The lines from the top of the material below through the line containing "SBS MTV The" are to be printed exactly, with pictures omitted.

┌─ Given material

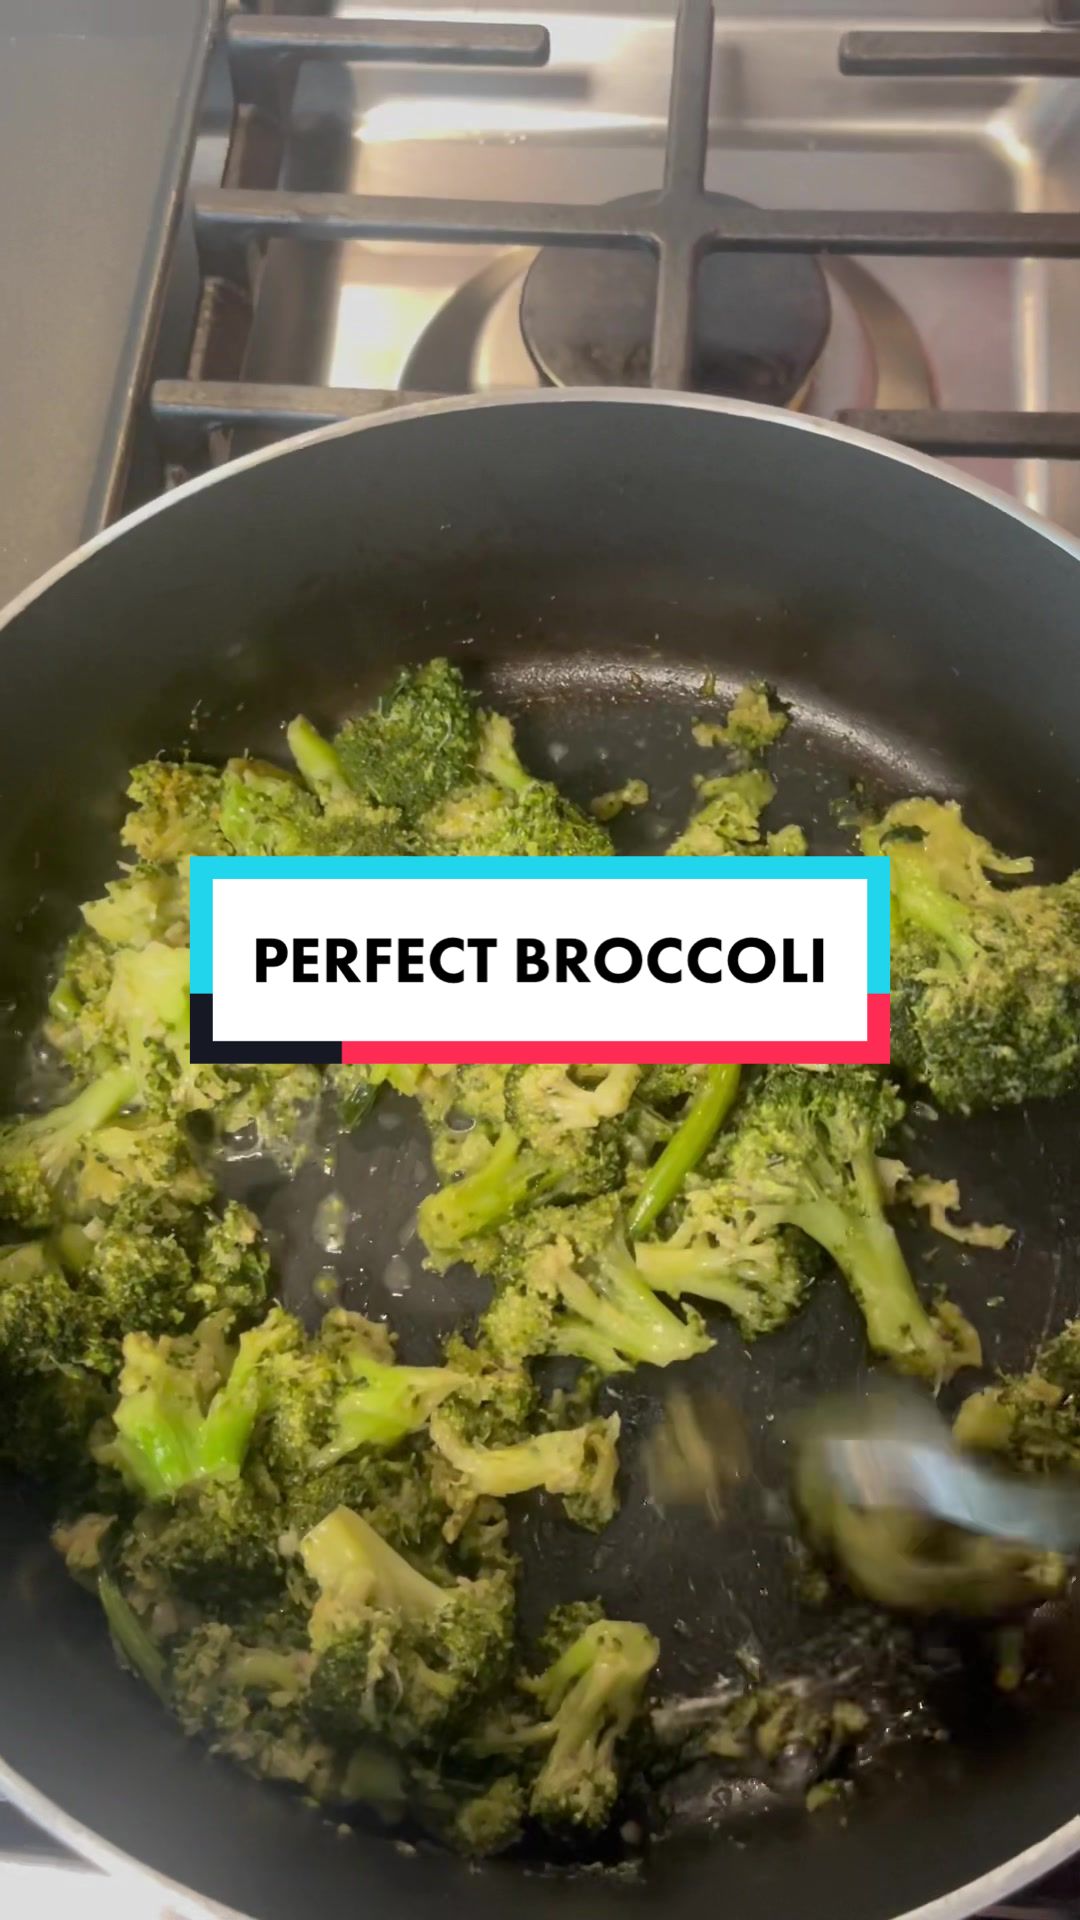 @HOW TO MAKE THE PERFECT BROCCOLI lemme know how yours came o...
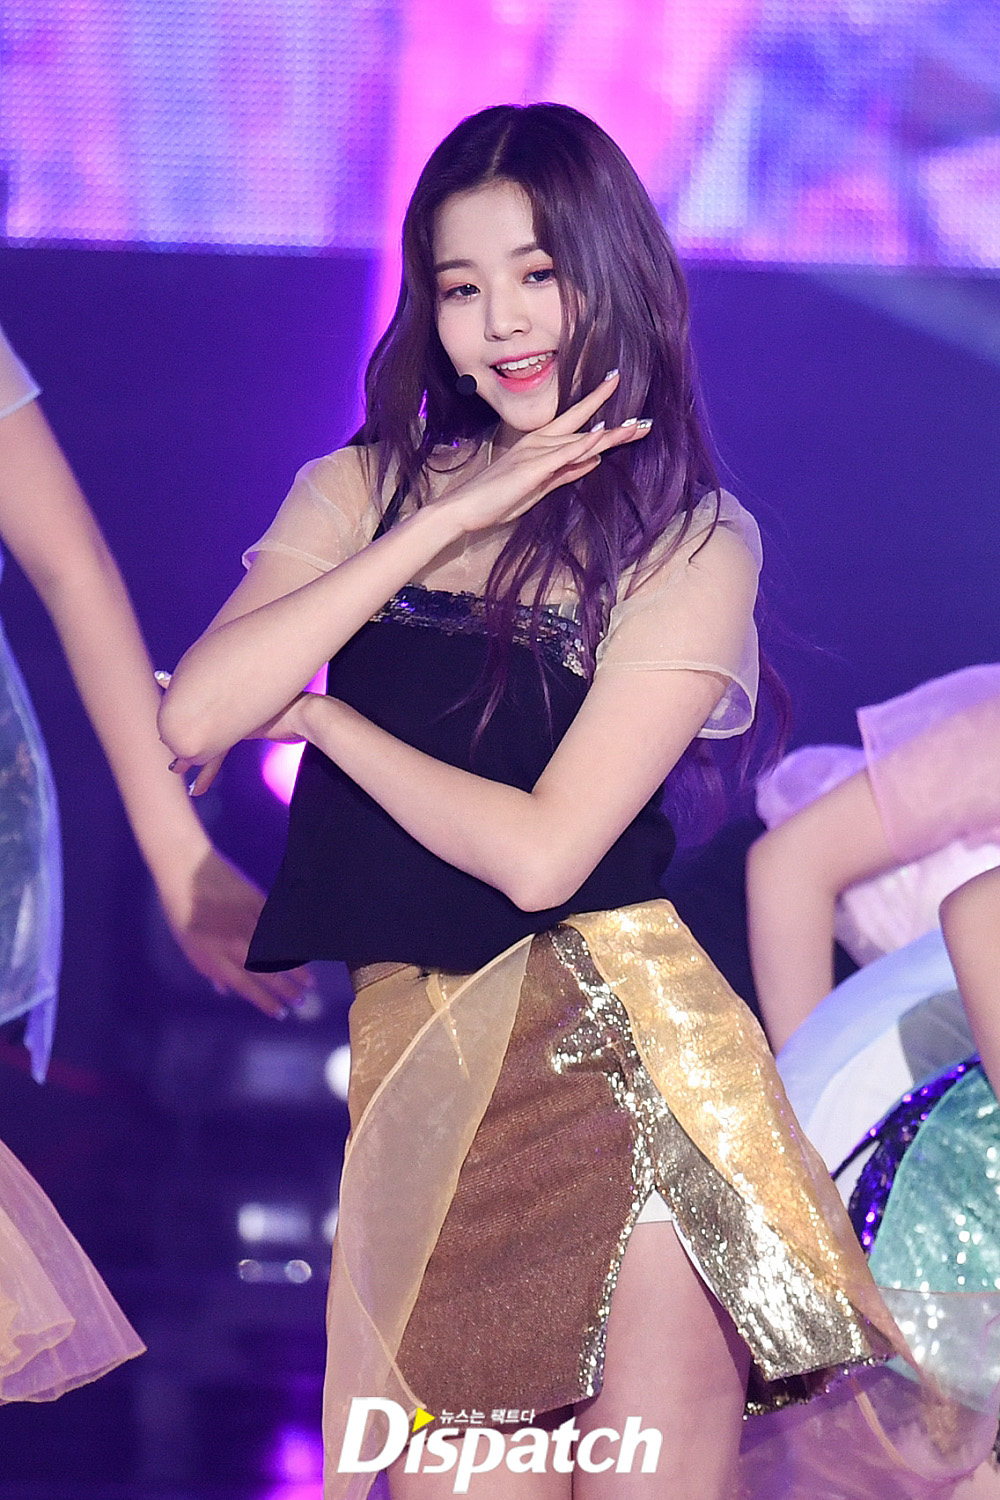 SBS MTV The Show live broadcast was held at SBS Prism Tower in Sangam-dong, Mapo-gu, Seoul on the afternoon of the 21st.Izone Jang Won-young showed a fresh atmosphere on the day.On the other hand, the live stage of The Show will feature Blockby Bastaz, Pentagon, Momoland, Dia, JBS95, KARD, Eyes One, Park Girl, Everglow, Ko Seung-hyung, Dream Note, Hot Place, VAV and Kang Si-won.fresh youngestI ripped the comics.a girls purity
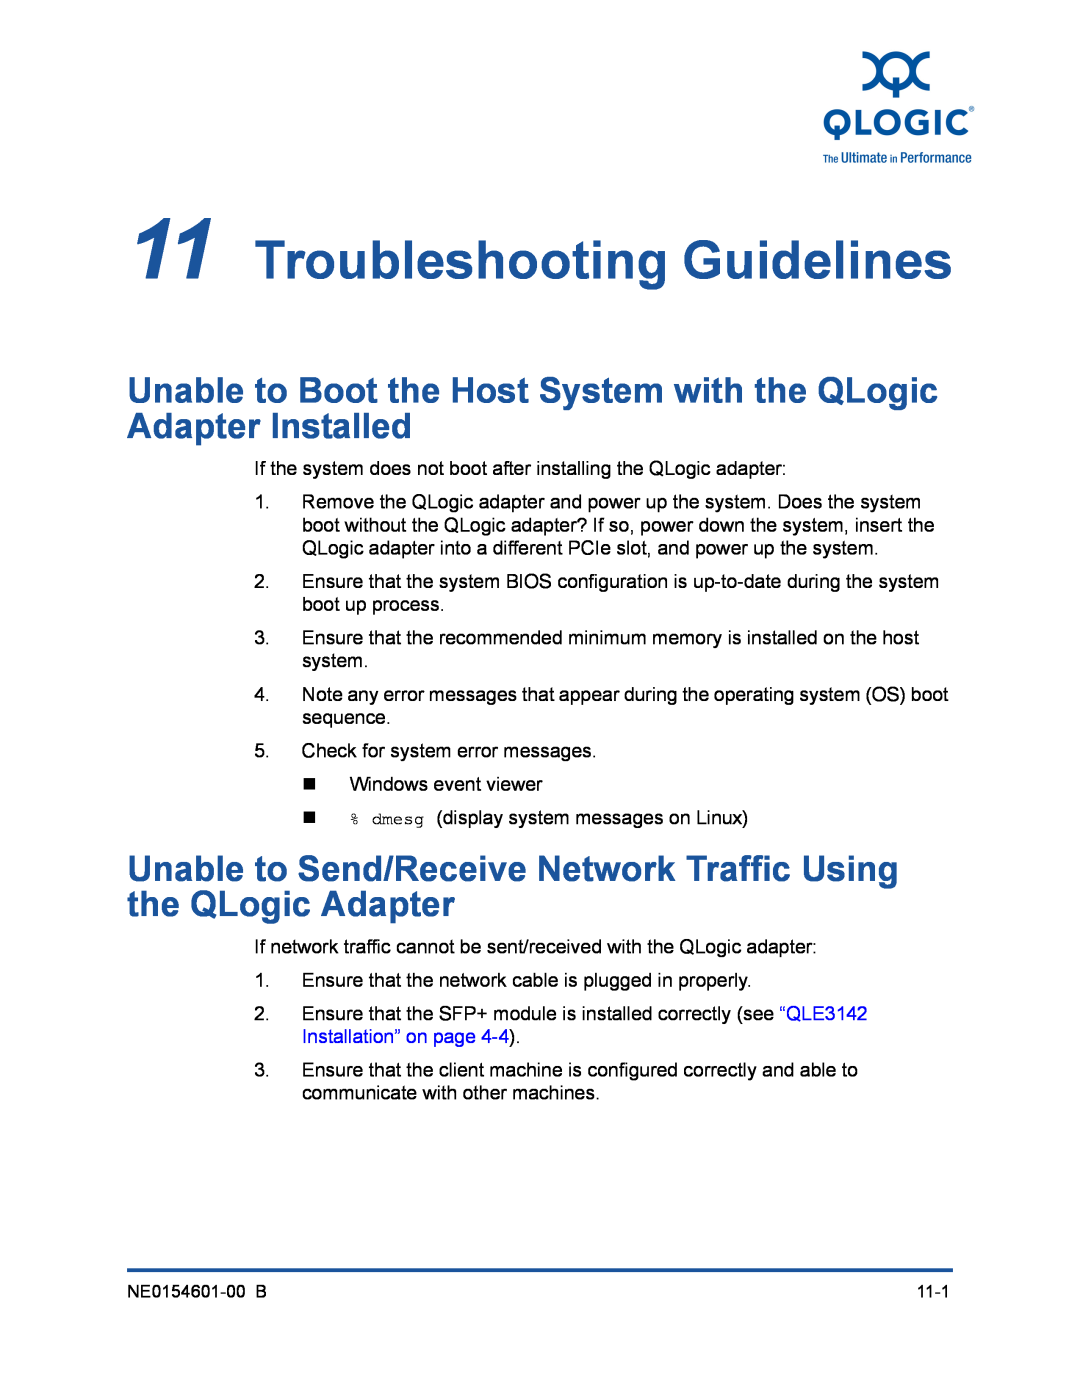 Q-Logic 3000, 3100 manual Troubleshooting Guidelines, Unable to Boot the Host System with the QLogic Adapter Installed

└─

Your solution:
 @HOW TO MAKE THE PERFECT BROCCOLI lemme know how yours came o...
 SBS MTV The Show live broadcast was held at SBS Prism Tower in Sangam-dong, Mapo-gu, Seoul on the afternoon of the 21st.Izone Jang Won-young showed a fresh atmosphere on the day.On the other hand, the live stage of The Show will feature Blockby Bastaz, Pentagon, Momoland, Dia, JBS95, KARD, Eyes One, Park Girl, Everglow, Ko Seung-hyung, Dream Note, Hot Place, VAV and Kang Si-won.fresh youngestI ripped the comics.a girls purity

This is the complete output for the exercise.